Cuando teme ser imprudente, acepta las
prohibiciones y rehúye el escándalo.
Al terminar las quince razones ya estaban los
libros sobre la mesa. Los tuve al fin bajo mi vista y entre mis manos. Di
comienzo a una modesta y melancólica arqueología del saber. En verdad me
parecieron pequeños juguetes. Tomitos en octavo, de menos de cien páginas,
papel brillante, cromado, resistente, festones en cada página y deliciosas
viñetas cerrando cada crónica, cada cuento. Increíble que en imprentas
pueblerinas se hicieran estos pequeños juguetes que tanto tiempo habían durado.
Creí al verlos de pronto que estaban originalmente encuadernados. Aunque
todavía intacta, la encuadernación era antigua.
En realidad las ediciones originales se
hicieron en rústica, con frágiles portadas.
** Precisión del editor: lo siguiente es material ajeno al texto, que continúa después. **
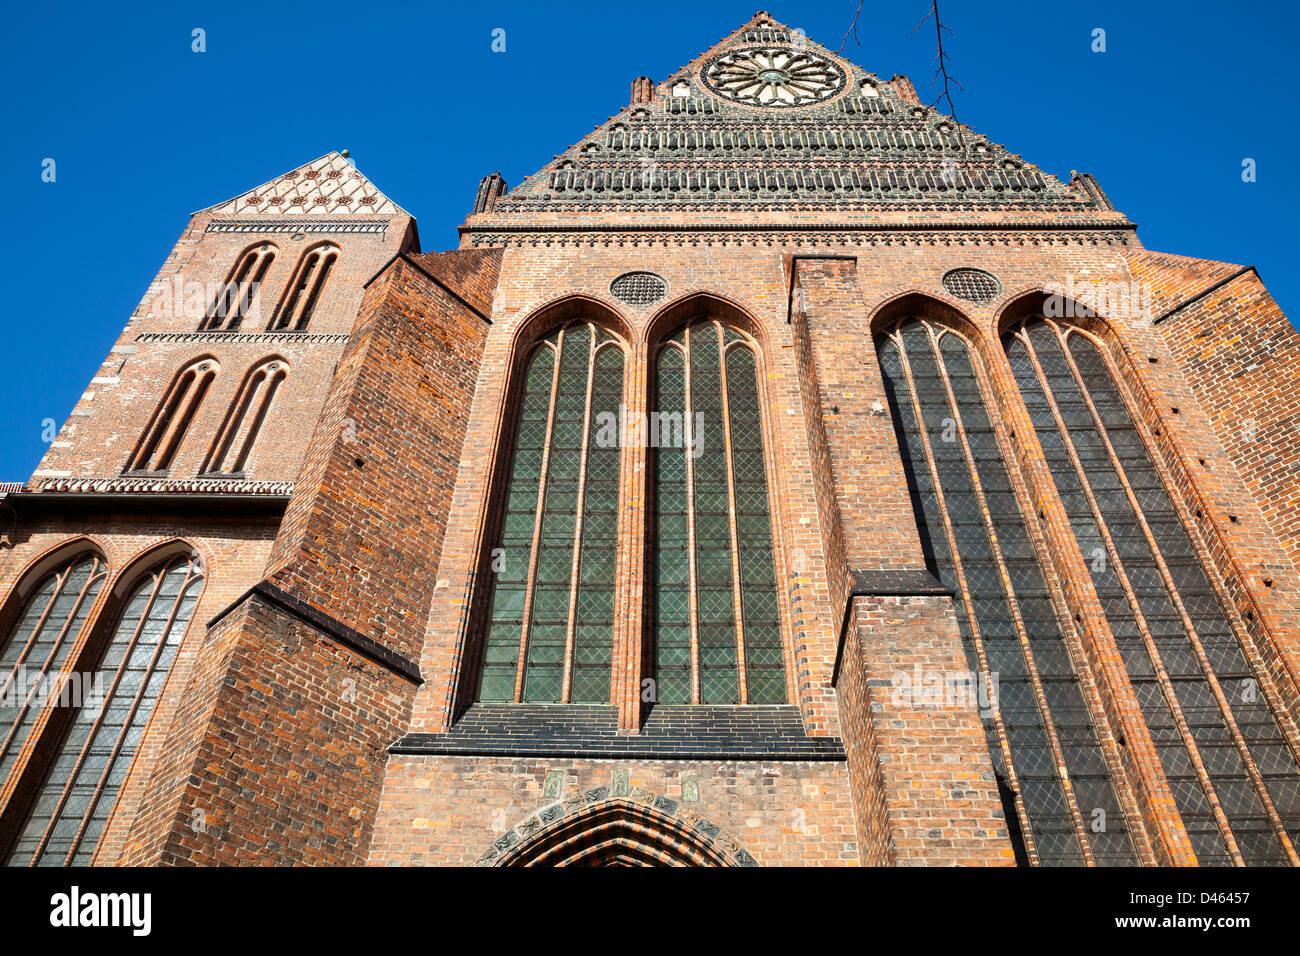 Nikolaikirche, Wismar, Mecklenburg Vorpommern, Germany - Stock Image

Habían sido mandadas a encuadernar
posteriormente, luego de muchos años, tal vez por el propio Leyva, cuando
residía ya en La Habana. Tenían un sello triangular de la casa Belmonte, que se
hallaba en la calle Monte y Zulueta. Me conmovió pensar que el propio autor
había mandado a encuadernar los únicos ejemplares de los pocos libros que había
escrito, publicaciones provincianas, tiradas cortas, que él pagaba y vendía en
su casa, con el fin de preservarlos, a la espera de que alguien, algún curioso
lector, pasado el tiempo, pudiera encontrarlos después de su muerte. Su viuda
los entregó a la Biblioteca del Instituto.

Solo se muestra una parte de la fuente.